EDIT: See data down below
structure(list(Day= c("2017-01-07", "2017-01-23", "2017-01-08",
"2017-01-13", "2017-02-10", "2017-01-07", "2017-01-24", "2017-01-02",
"2017-01-03", "2017-01-06", "2017-01-11", "2017-01-21", "2017-01-13",
"2017-01-10", "2017-02-18", "2017-01-10", "2017-01-31", "2017-01-27",
"2017-01-23", "2017-01-13", "2017-02-10", "2017-01-09", "2017-01-23",
"2017-01-09", "2017-01-08"), Time= c("02:02", "14:51", "02:12",
"17:49", "00:00", "21:30", "22:28", "17:27", "12:14", "22:52",
"14:19", "11:40", "19:33", "04:01", "15:59", "14:57", "08:34",
"13:21", "02:01", "14:29", "20:17", "14:30", "02:34", "04:56",
"14:34"), Number= c("H10.9", "K85.80, K85.20, K85.80, K85.20",
"R09.1", "I10.90", "I48.9, I48.0, I48.9, I48.0", "A09.0, A09.0, R42, R42",
"H16.1", "K92.1, K92.1, K92.1", "K40.90, J12.2, J18.0, J96.01, J12.2",
"B99, J15.8, J18.0, J15.8", "S01.55", "M21.33", "I10.01, I10.01, J44.81, J44.81",
"S00.95", "B08.2", "S05.1", "M20.1", "G40.2, S93.40, S93.40",
"M25.51", "J44.19, J44.11, J44.19, J44.11", "G40.9, G40.2, G40.2",
"E87.1, E87.1, J18.0, J18.0", "I10.91", "R22.0", "S06.5, S06.5, S06.5, R06.88, S12.22"
)), .Names = c("Day", "Time", "Number"), row.names = c(1336L,
4687L, 1536L, 2737L, 8272L, 1507L, 4994L, 400L, 550L, 1305L,
2325L, 4292L, 2748L, 2008L, 9974L, 2113L, 6144L, 5433L, 4577L,
2697L, 8468L, 1883L, 4578L, 1783L, 1657L), class = "data.frame")
This is a pretty interesting problem that takes a little digging into.
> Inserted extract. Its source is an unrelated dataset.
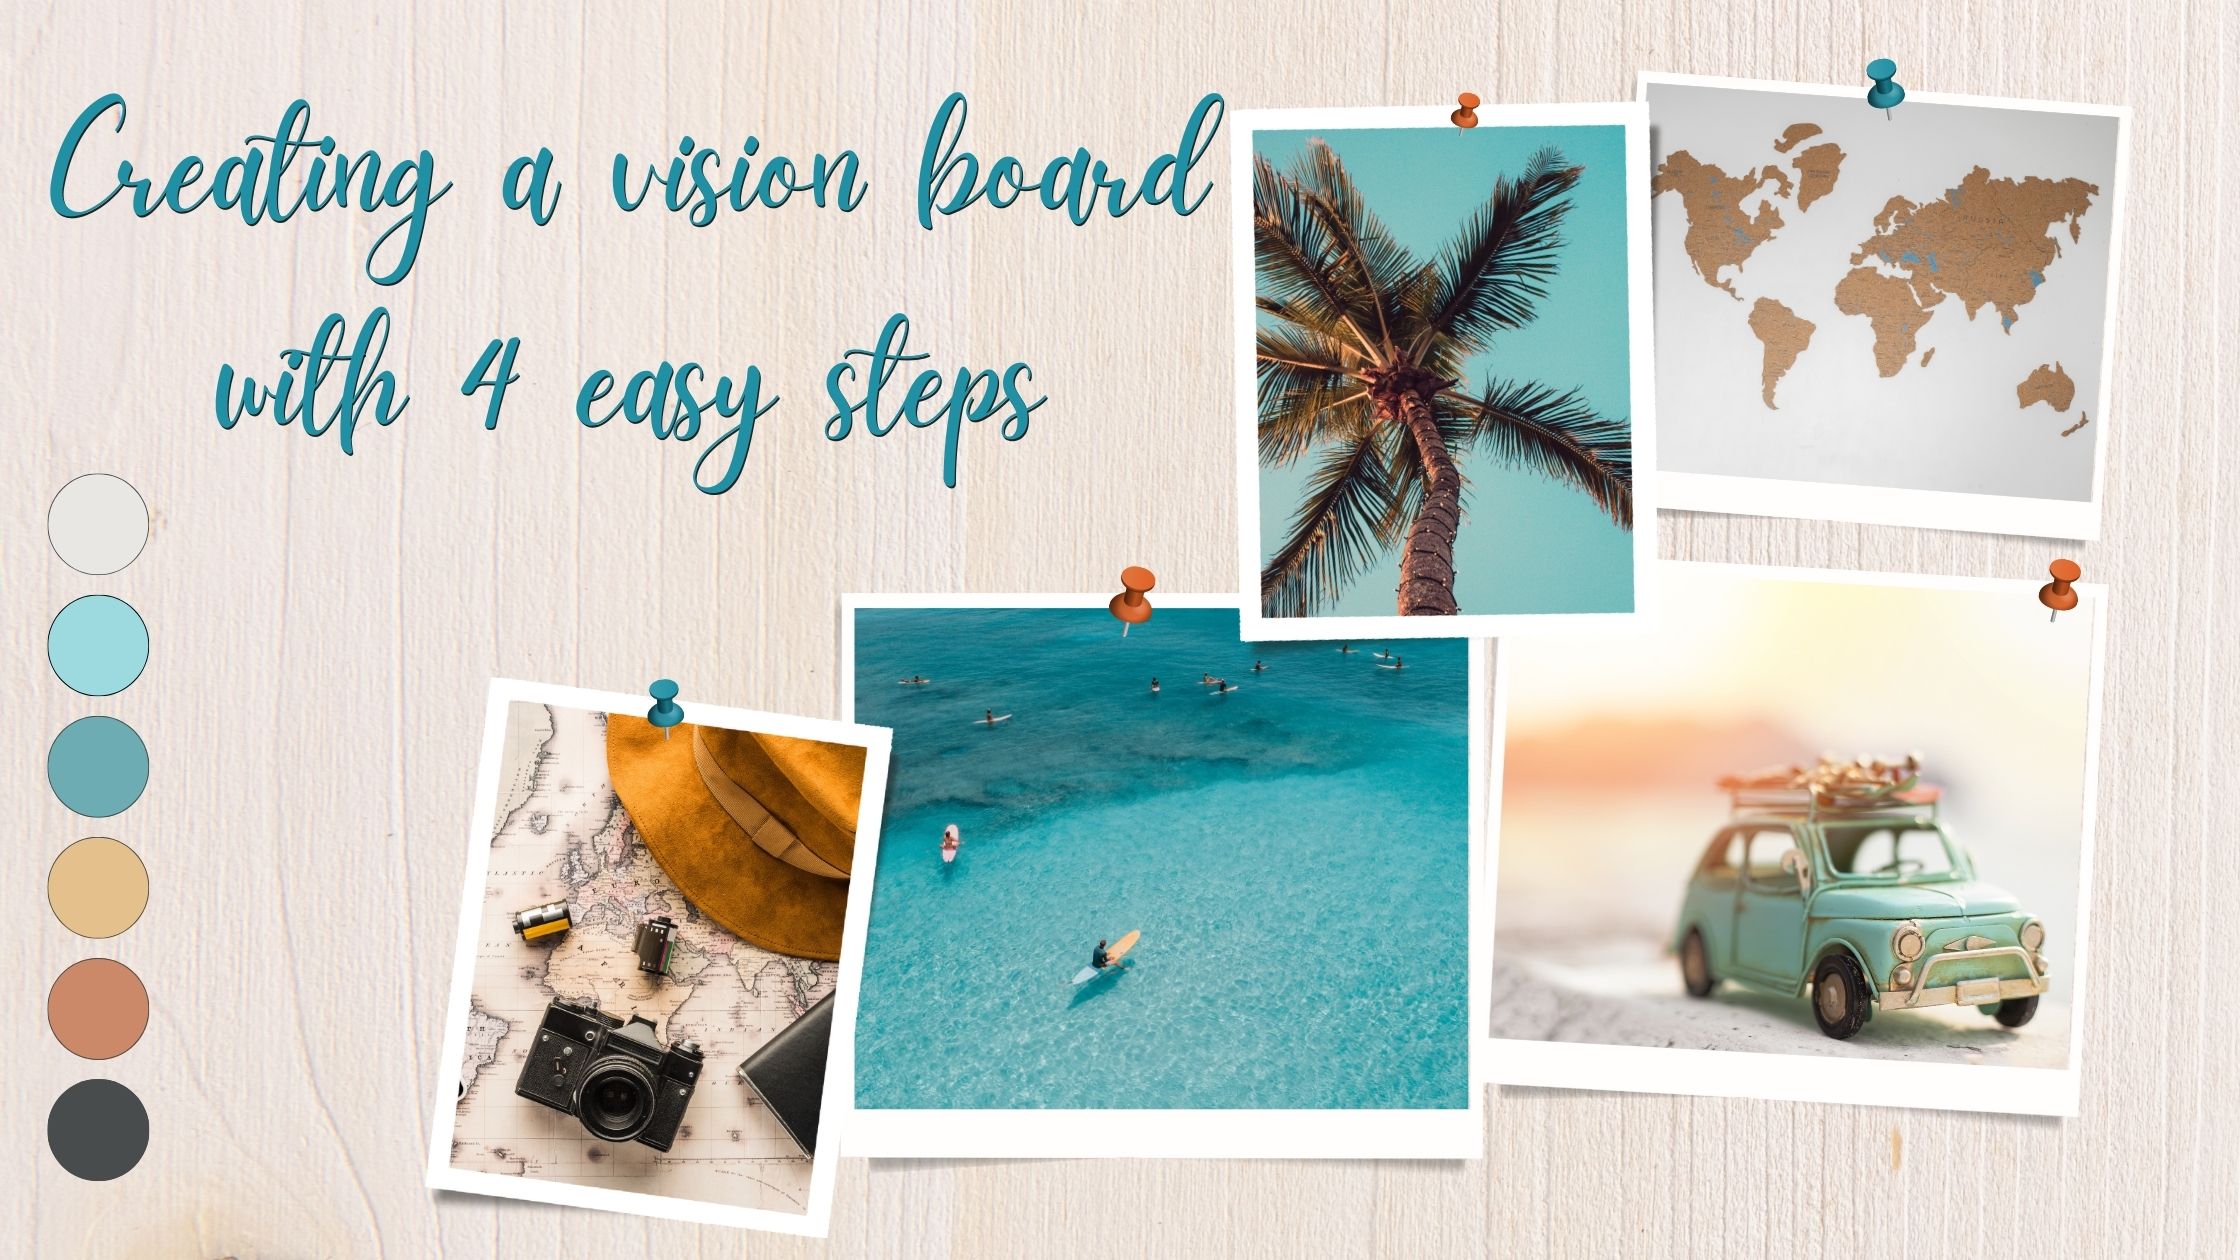 Creating a vision board with 4 easy steps

The first thing to do is get all the unique capital letters in each set in Number per row. stringr::str_extract_all gets you a list-column of string vectors that match this regex, and after taking unique values from each list entry, you have this:
library(dplyr)
library(tidyr)
as_tibble(df1) %>%
mutate(Day = lubridate::ymd(Day),
letters = purrr::map(stringr::str_extract_all(Number, "[A-Z]"), unique)) %>%
select(-Number) %>%
head()
#> # A tibble: 6 x 3
#> Day Time letters
#> <date> <chr> <list>
#> 1 2017-01-07 02:02 <chr [1]>
#> 2 2017-01-23 14:51 <chr [1]>
#> 3 2017-01-08 02:12 <chr [1]>
#> 4 2017-01-13 17:49 <chr [1]>
#> 5 2017-02-10 00:00 <chr [1]>
#> 6 2017-01-07 21:30 <chr [2]>
Unnest it so you have one row per date & time per letter, then count the number of observations of each letter per day—gets confusing, and the order matters here. Then reshape it into a wide format so each group gets a column.
as_tibble(df1) %>%
mutate(Day = lubridate::ymd(Day),
letters = purrr::map(stringr::str_extract_all(Number, "[A-Z]"), unique)) %>%
select(-Number) %>%
unnest(letters) %>%
count(Day, letters) %>%
arrange(letters) %>%
pivot_wider(names_from = letters, names_prefix = "group",
values_from = n, values_fill = list(n = 0)) %>%
head()
#> # A tibble: 6 x 12
#> Day groupA groupB groupE groupG groupH groupI groupJ groupK groupM
#> <date> <int> <int> <int> <int> <int> <int> <int> <int> <int>
#> 1 2017-01-07 1 0 0 0 1 0 0 0 0
#> 2 2017-01-06 0 1 0 0 0 0 1 0 0
#> 3 2017-02-18 0 1 0 0 0 0 0 0 0
#> 4 2017-01-09 0 0 1 0 0 0 1 0 0
#> 5 2017-01-27 0 0 0 1 0 0 0 0 0
#> 6 2017-02-10 0 0 0 1 0 1 0 0 0
#> # … with 2 more variables: groupR <int>, groupS <int>
In this first few rows with the sample of data, there aren't any 2s, but there are some later on in the data frame. (I don't yet understand how pivot_wider orders things, but you can arrange by day after this if you want.)